T = temperature. Will usually be in K or degrees Celsius, either one is fine to use but be
consistent – if T1 is in Kelvin then T2 must also be in Kelvin.
Ideal Gas Law
PV = nRT [memorize this]
Where n = moles and R = ideal gas constant (NOT RATE!) .08206 (L atm)/(mol K) or .0821 (L
atm)/(mol K).
This law applies to ideals gases which will be any gas you study in Chem 101, it allows us to
make assumptions to make life easier for Chemists. It applies in these conditions:
High temperature and low pressure and will deviate (ie not behave ideally) under low
temperature and high pressure.
Avogradro’s Law: The volume of a gas is directly proportional to the number of moles present
(ie. More moles of gas  more volume of gas) while temperature and pressure are held constant.
Important fact: 1 mole of an ideal gas takes up 22.4L (volume) at STP [memorize this]
How to apply: Now we know the volume of ANY ideal gas as long as we know the number of
moles – no matter which gas it is!
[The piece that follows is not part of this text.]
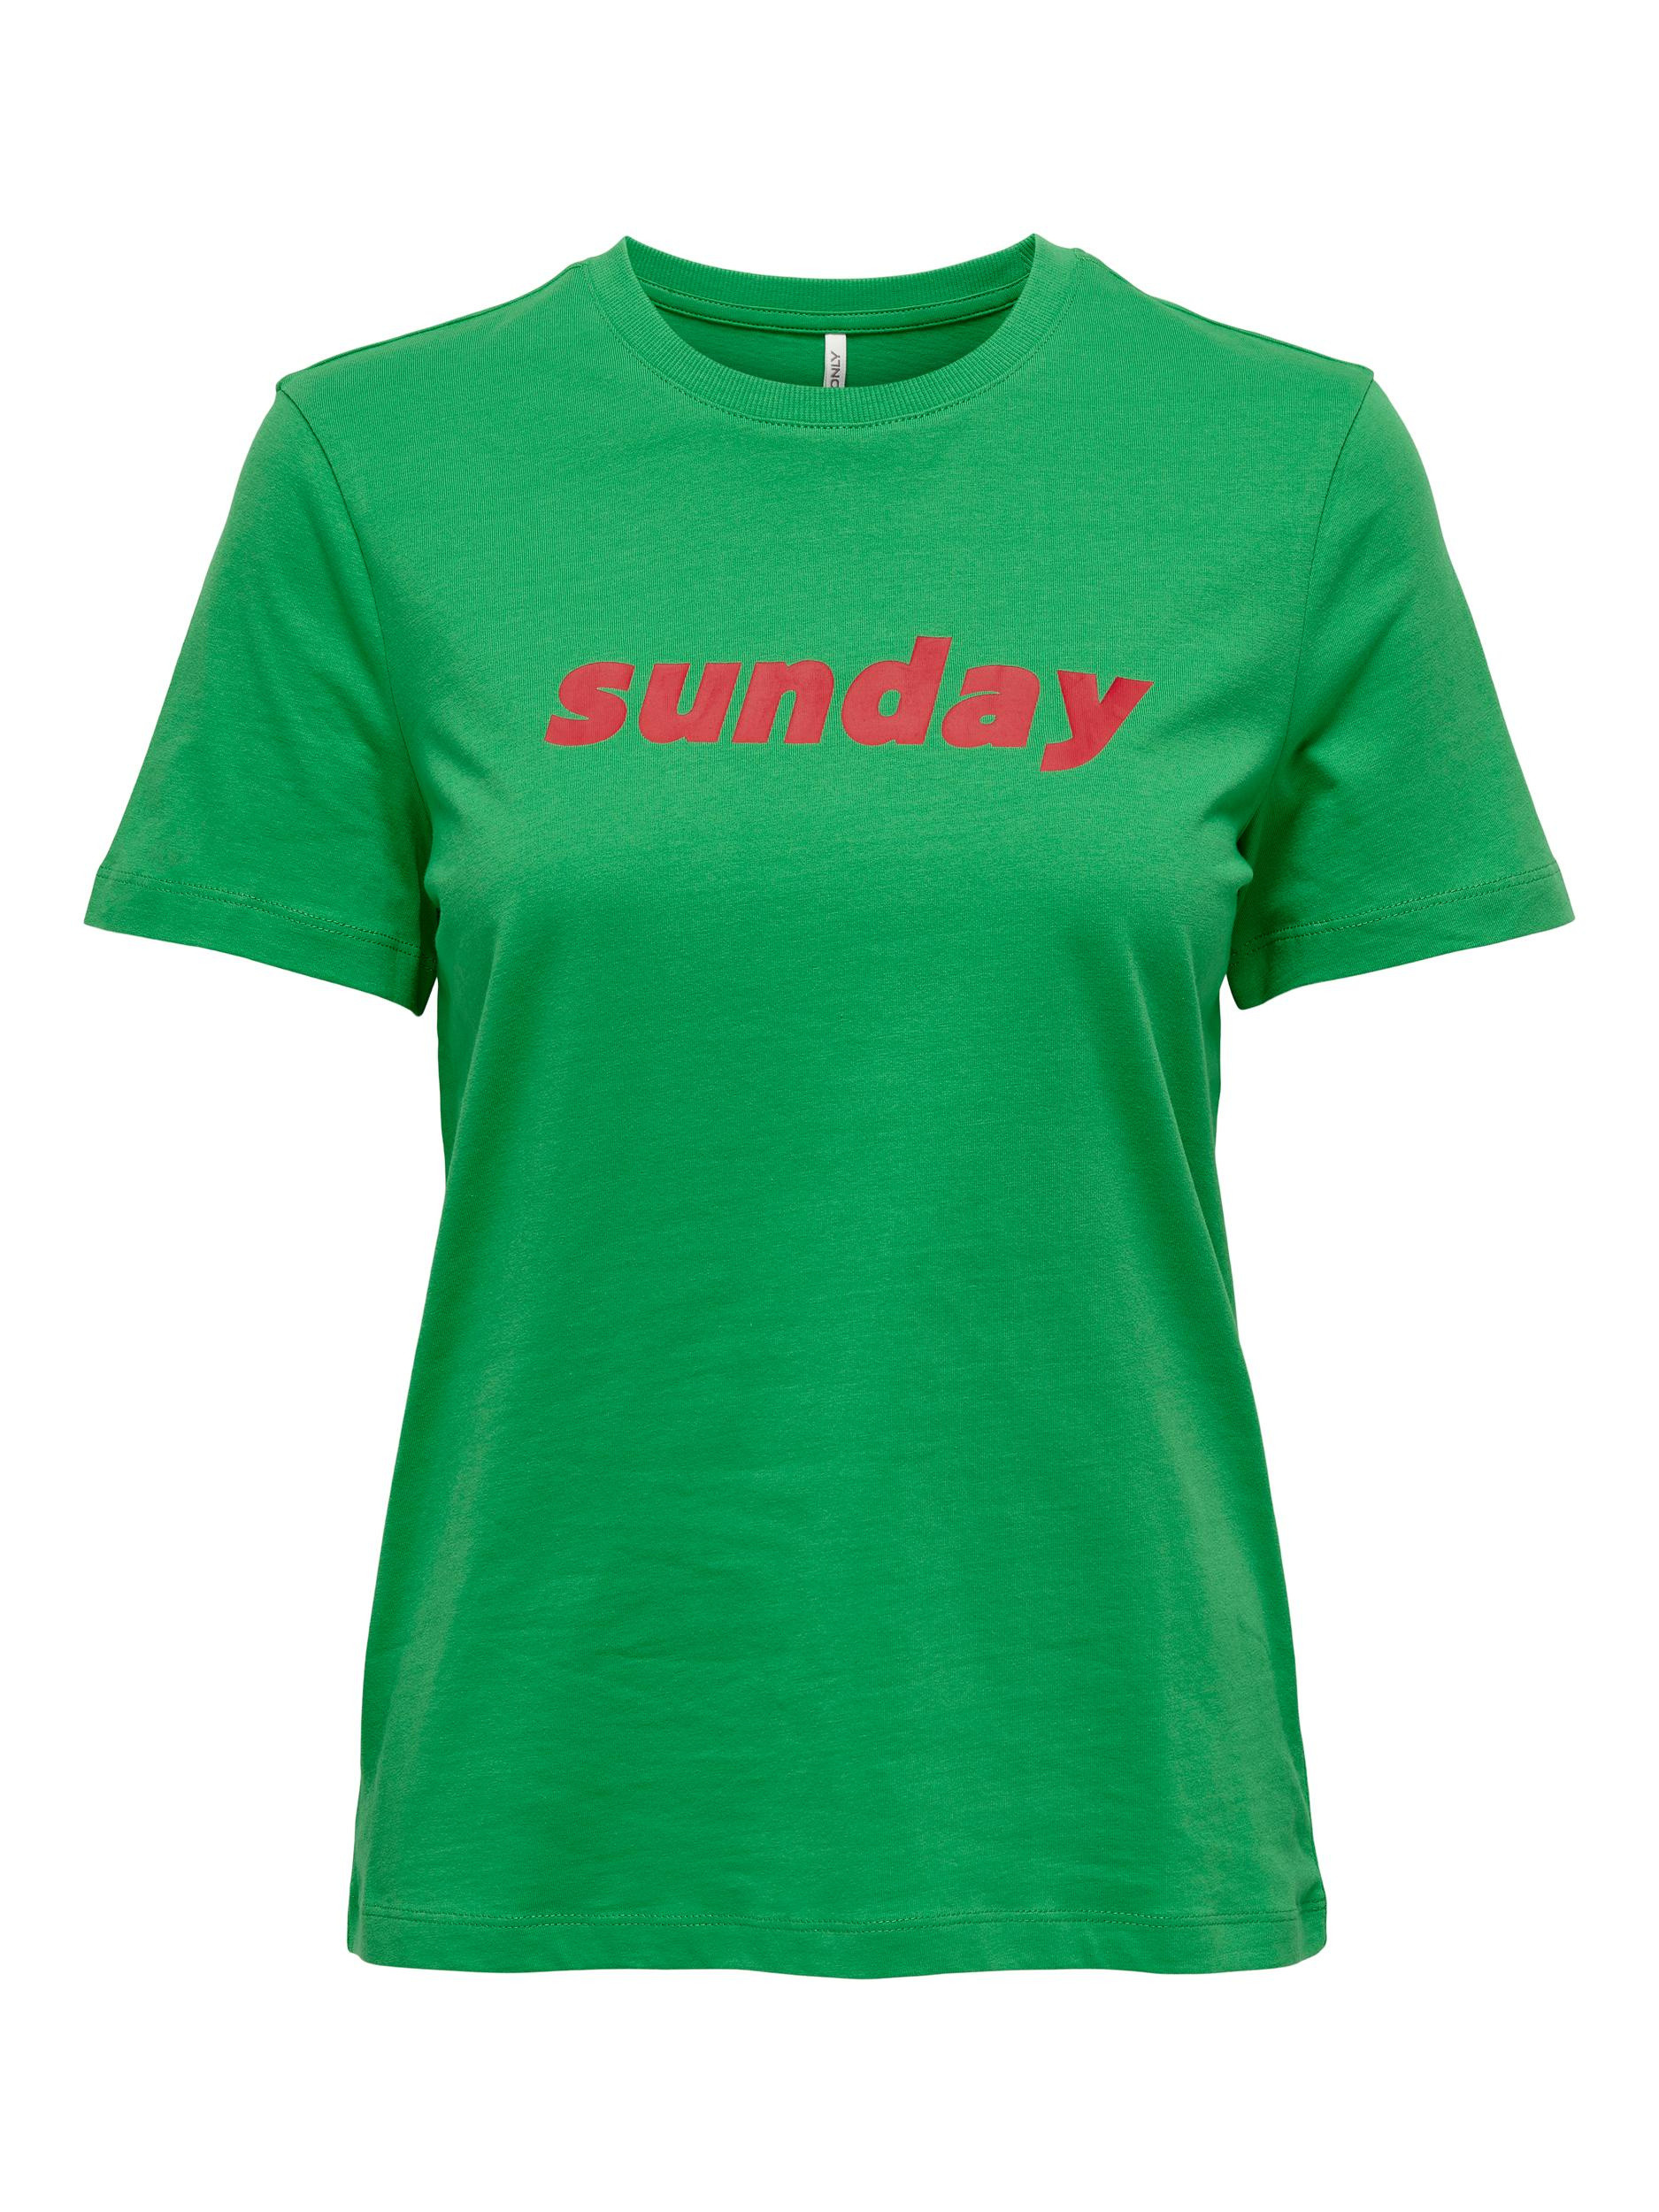 Only - Regular fit T-shirt with print, Green, large image number 0

So 1 mole of Hydrogen gas has half the volume compared to 2
moles of Helium.
Dalton’s Law of partial pressure: partial pressure of a gas = (mole fraction of gas)(partial
pressure of the gas)
Mole fraction = mol part/mol whole
How to apply it: given a mixture of gases you are able to determine either the partial pressure or
amount of moles/mole fraction of a given gas.
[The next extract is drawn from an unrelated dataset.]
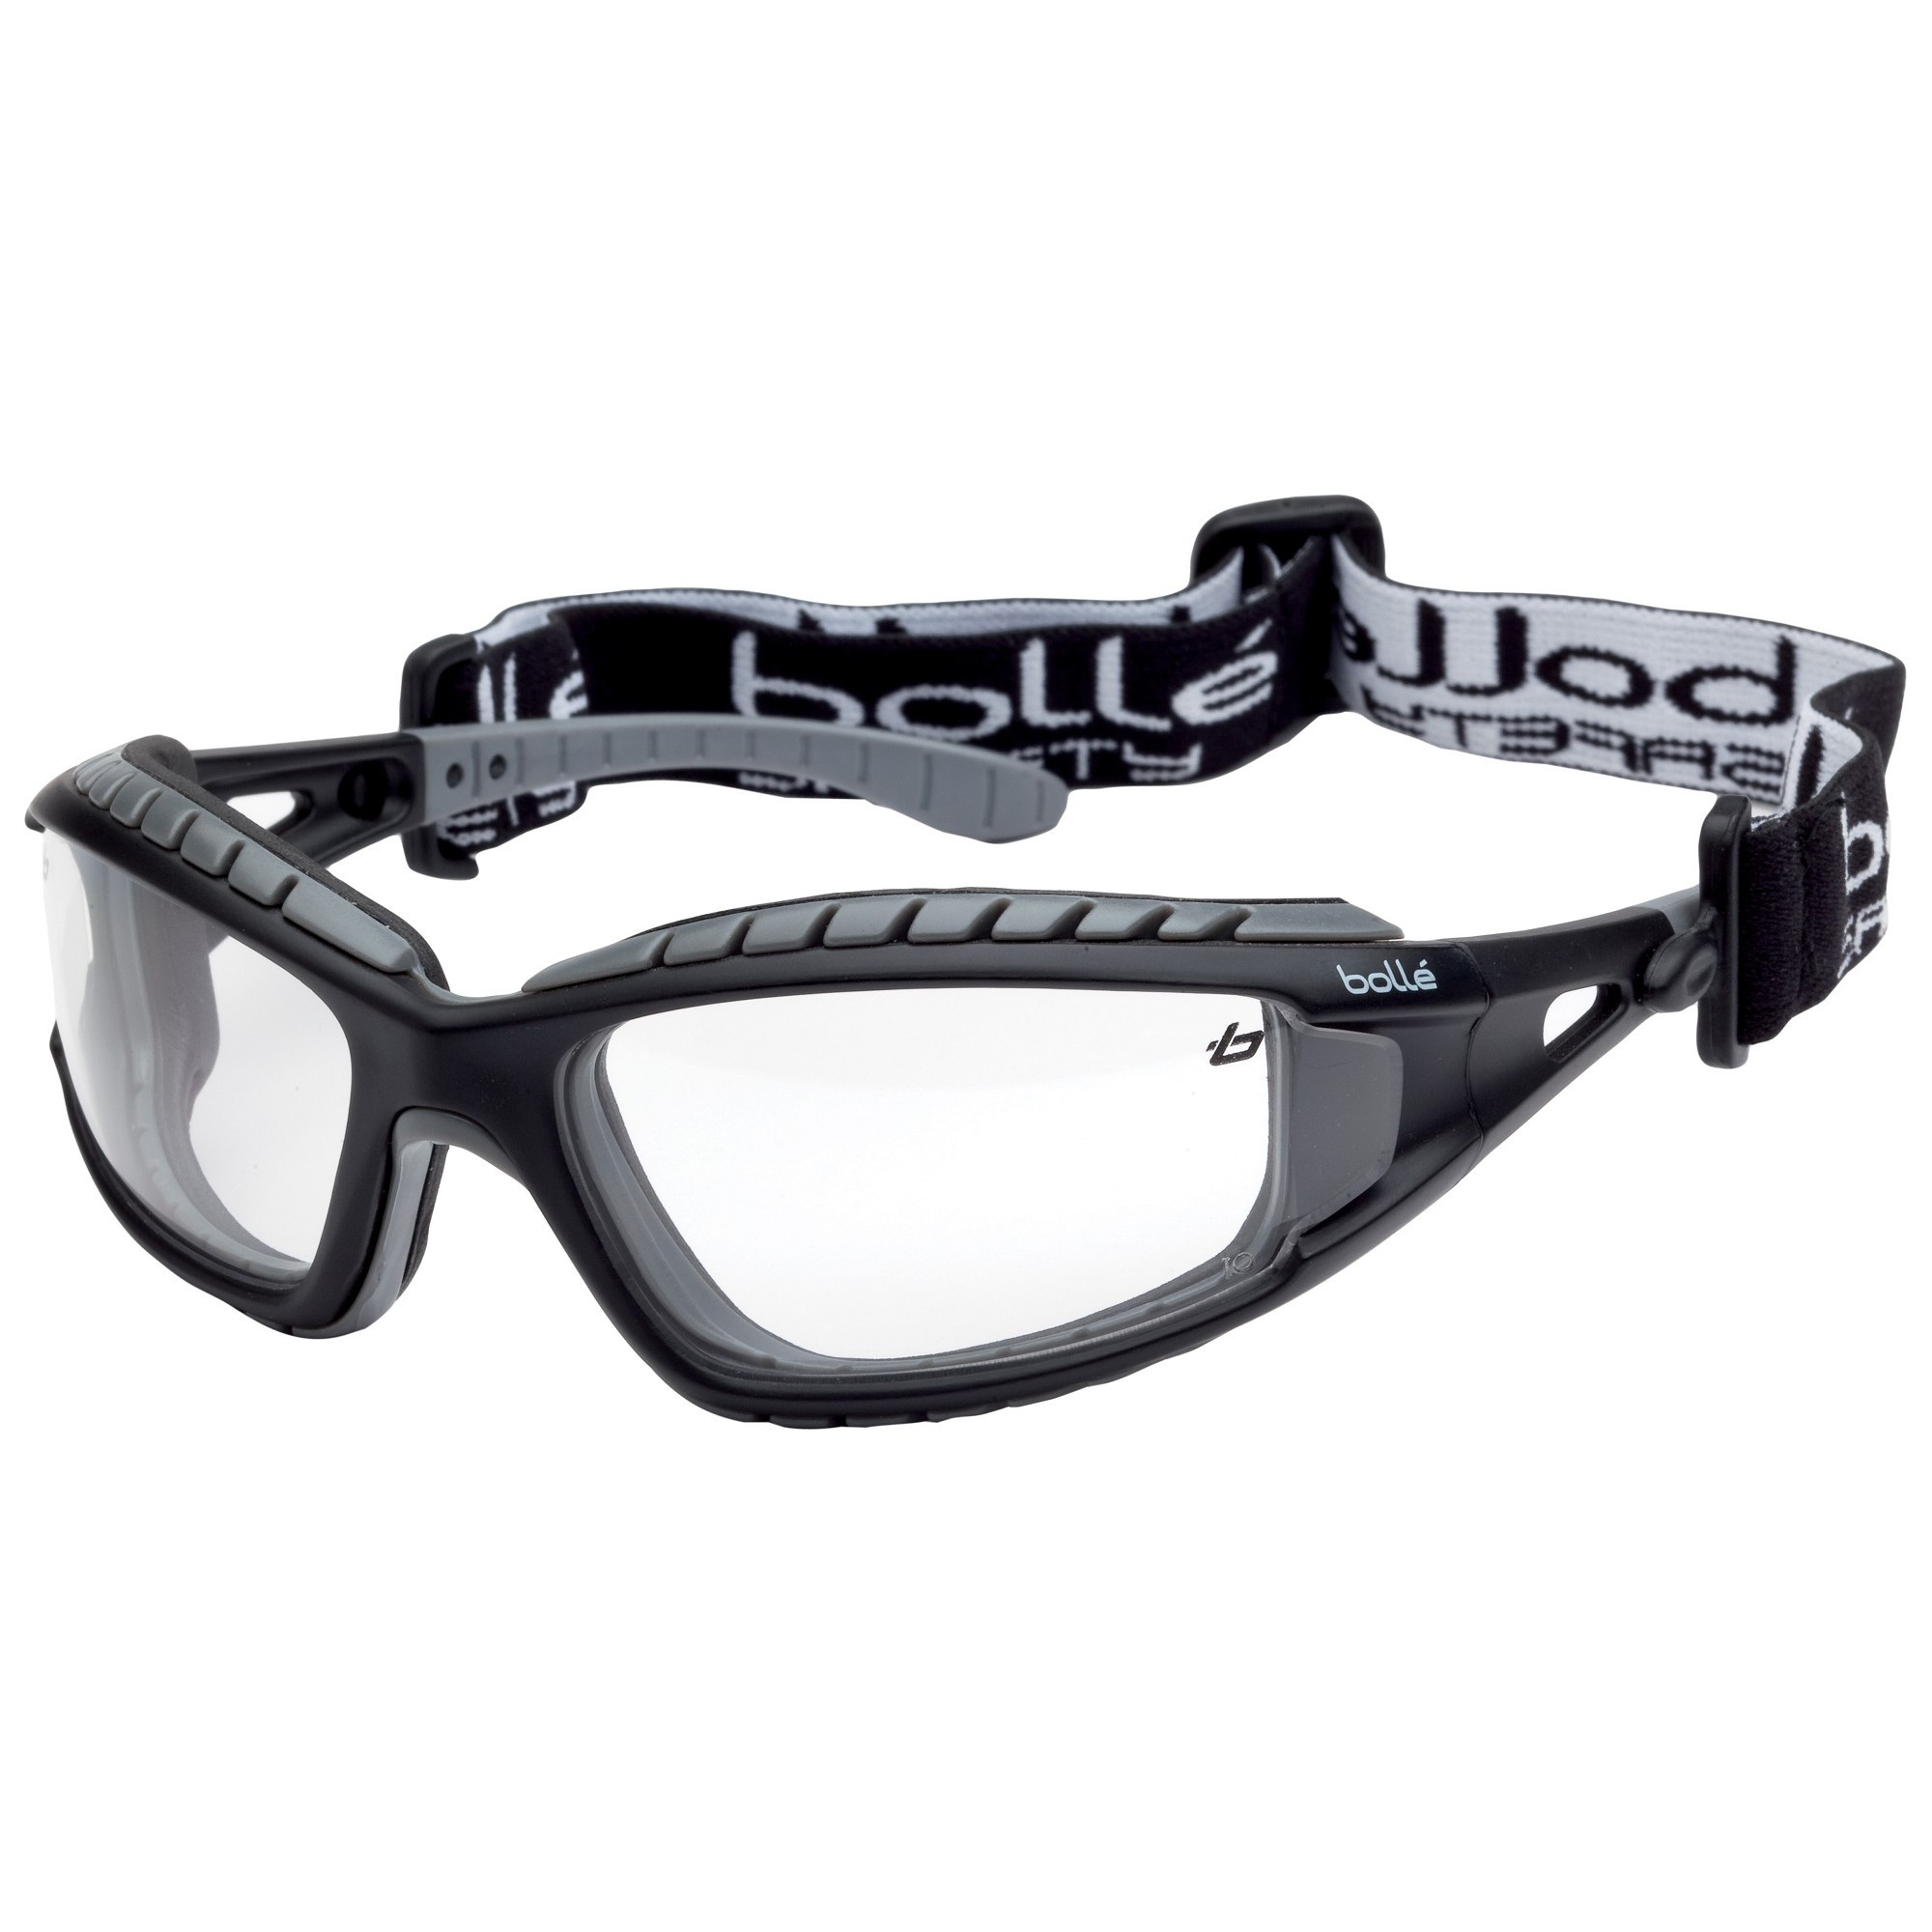 Bolle 40085 Tracker Safety Glasses Goggles Black Grey Temples Clear Anti Fog Lens Full Source

Intramolecular Forces: describes the types of forces present within a molecule.
Use the following procedure:
Step 1: Determine the central atom (always the first atom in the compound unless it’s a
Hydrogen)
Step 2: determine total number of valence electrons (using periodic table)
Step 3: draw Lewis Dot Structure following octet rule where it applies.
Molecular Geometry: (either be able to visualize these or simply memorize them)
I find the AXmEn notation useful. “A” is the central atom, “X” is the number of atoms
connected to the central atom and “E” represents the number of lone pairs.
Shapes:
1) Linear – AX2 has a 180 degree angle between electron pairs.
2) Bent – AX2E2 has a 109.5 degree angle between electron pairs.
3) Trigonal planar (flat)– AX3 has a 120 degree angle between electron pairs.
4) Tetrahedral – AX4 has a 109.5 degree angle between electron pairs.
Types of Intramolecular forces: (from strongest to weakest) [you must know all four]
1) Ionic: Formed between a metal and non-metal. (strongest)
2) Hydrogen bonding: Hydrogen bonded to either F, O or N.
3) Polar Covalent: formed between elements with an electro-negativity difference of at least
1.0 (use values in text). Some compounds may contain polar bonds but be non-polar
overall due to their geometry.
4) Non-polar covalent or just non-polar: formed between elements with an electro-negativity
or less than one. (weakest)
Solutions : a uniformly distributed liquid, combines two or more substances irreversibly.
Concentration = molarity = moles/liter (denoted “M” a solution of 5mol/liter is called “5
molar”)
How to apply it: You can determine the concentration of a solution given the number of moles of
a substance and given its volume (in liters) or if you know the molarity you can solve for moles
or volume.
Dilution Equation: M1V1 = M2V2
How to apply it: use the above equation to figure out new concentration or a diluted or
concentrated solution.
Solubility: One substance is said to be soluble in another if the two have similar types of
intermolecular forces.
Rule of thumb: “like dissolves like” so two polar substances will be soluble like salt and water
but one carbon dioxide (non-polar) is not soluble in water (polar).